Константин чувствовал острый запах свежевыделанной кожи, и первой его мыслью было, что,  наверное, это надо нюхать. Константин намедни виделся с  филином, знатным своей ученостью. Он, как говорили в лесу, в этой жизни филин. А в прошлом был каким-то ученым или смекалистым ремесленником. Но так или иначе, филин наравне с совою был для выдренка Константина непререкаемым авторитетом в вопросах учености и познания.
Именно этот филин и научил Константина рассуждать новым методом: от противного. Порою, даже от самого противного. Вот и сейчас, Константин решил, что самое время его применить. Вспомнил он, хотя и с превеликим трудом, наставления филина: нужно выбрать явную несуразность, причем самую что ни на есть противную и пакостную. И вот от этой противности надо отталкиваться. Чем дальше оттолкнешься, тем ближе к истине. Одного не мог понять выдренок: почему это истина не может быть противной сама по себе.
Вспомнив всю это и решил Константин, что это не еда. Вот уж на самом деле: это было бы противной несуразностью все это съесть. Нет, съесть это точно нельзя. Но ведь и нюхать тоже противно. Значит от этой идеи тоже придется оттолкнуться. И тут зашел выдренок Константин в тупик, потому что все идеи применения увиденного на лавке оказались противными.

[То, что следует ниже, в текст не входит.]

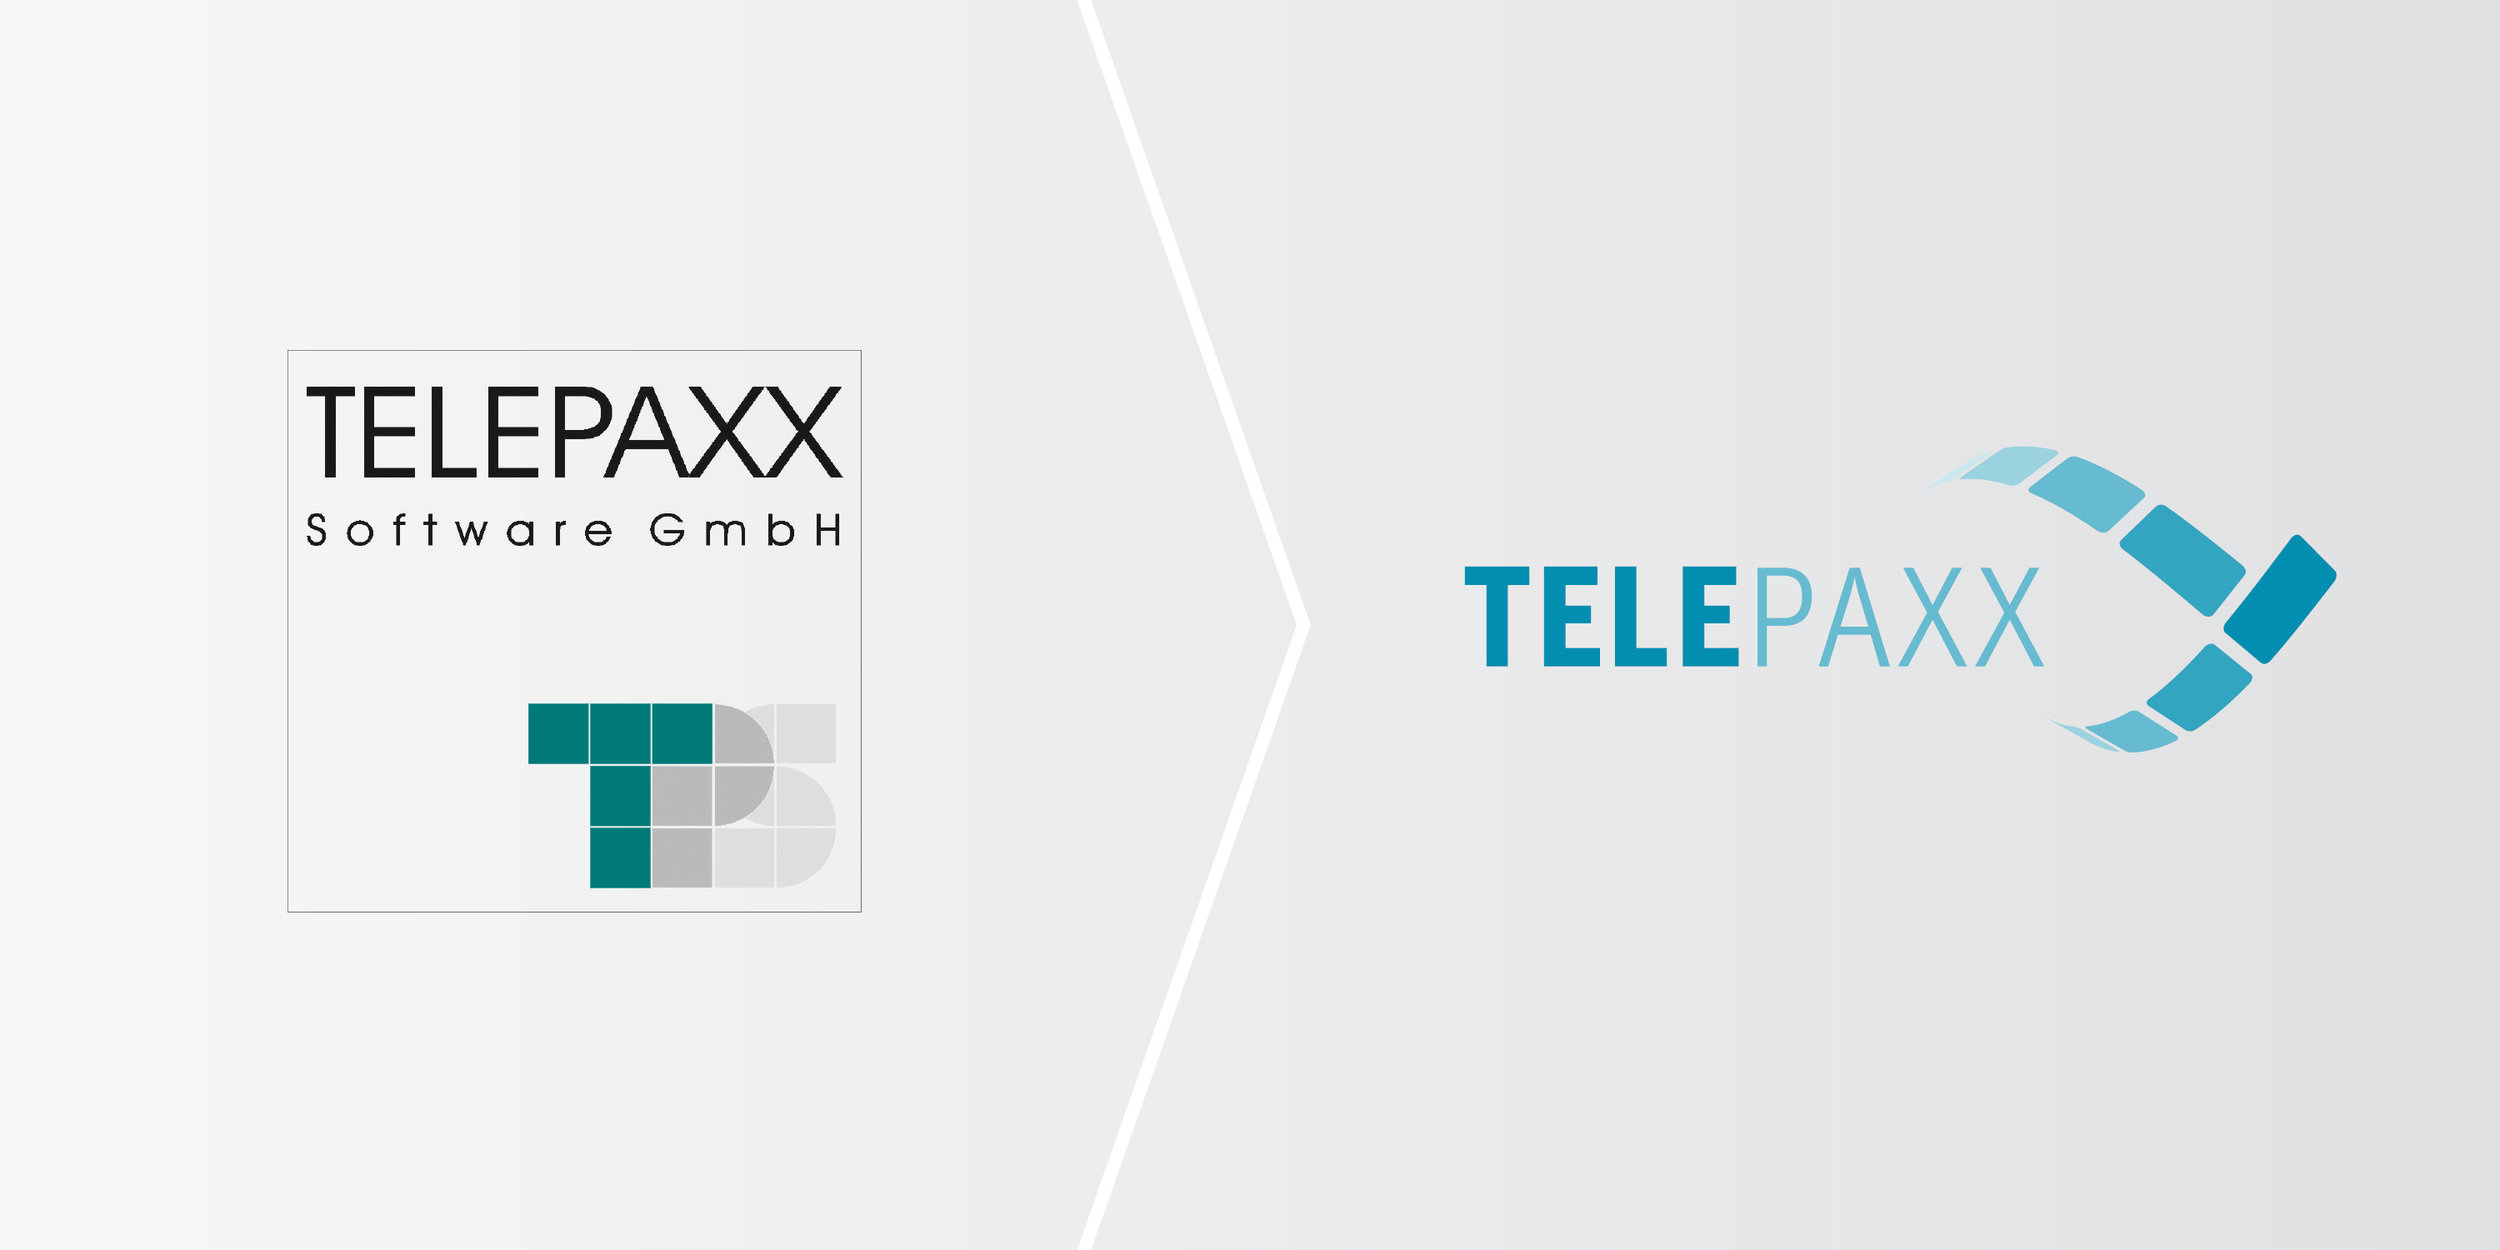 Telepaxx Logo Redesign 02.jpg

 Напрягся Константин и вспомнил еще одну мысль, высказанную мудрым филином. Говорил он как-то, что если все кажется противным и оттолкнуться от него нельзя, то надо выбрать что-то менее всего пакостное и считать его истиной. Это, говорил филин, будет как бы правдой.
Константин даже вспомнил слово ученое – «аксиомия». Филин называл таким мудреным  словом то, что конечно противное, но не очень и, по мнению ученого филина, сгодится на крайний случай за отсутствием более приятного. Поглядел Константин еще раз на три кусочка кожи, да еще пришпиленные к куску березовой коры. И, наконец, аксиомия пришла ему на ум – на это определенно надо смотреть.  Смотреть ведь на это, чистой воды безобразие, совсем не противно. Значит, это правильно. 
В прошлом году Константин видел, как ежик выводил подобные загогулины на песке и называл это как-то чудно. Так это еще более чудно, чем загогулины ежиковые – наверное,  это и есть его дар. Вот только неказистый какой-то он для дара небесного. В конце концов Константин решил, что на то он и подарок – ведь как часто дарят нам всякую непонятную и совсем даже не нужную «неказистость», а принимать меж тем все равно приходится со всеми положенными знаками внимания. Подарок ведь – ничего не поделаешь. Не обижать же дарителя.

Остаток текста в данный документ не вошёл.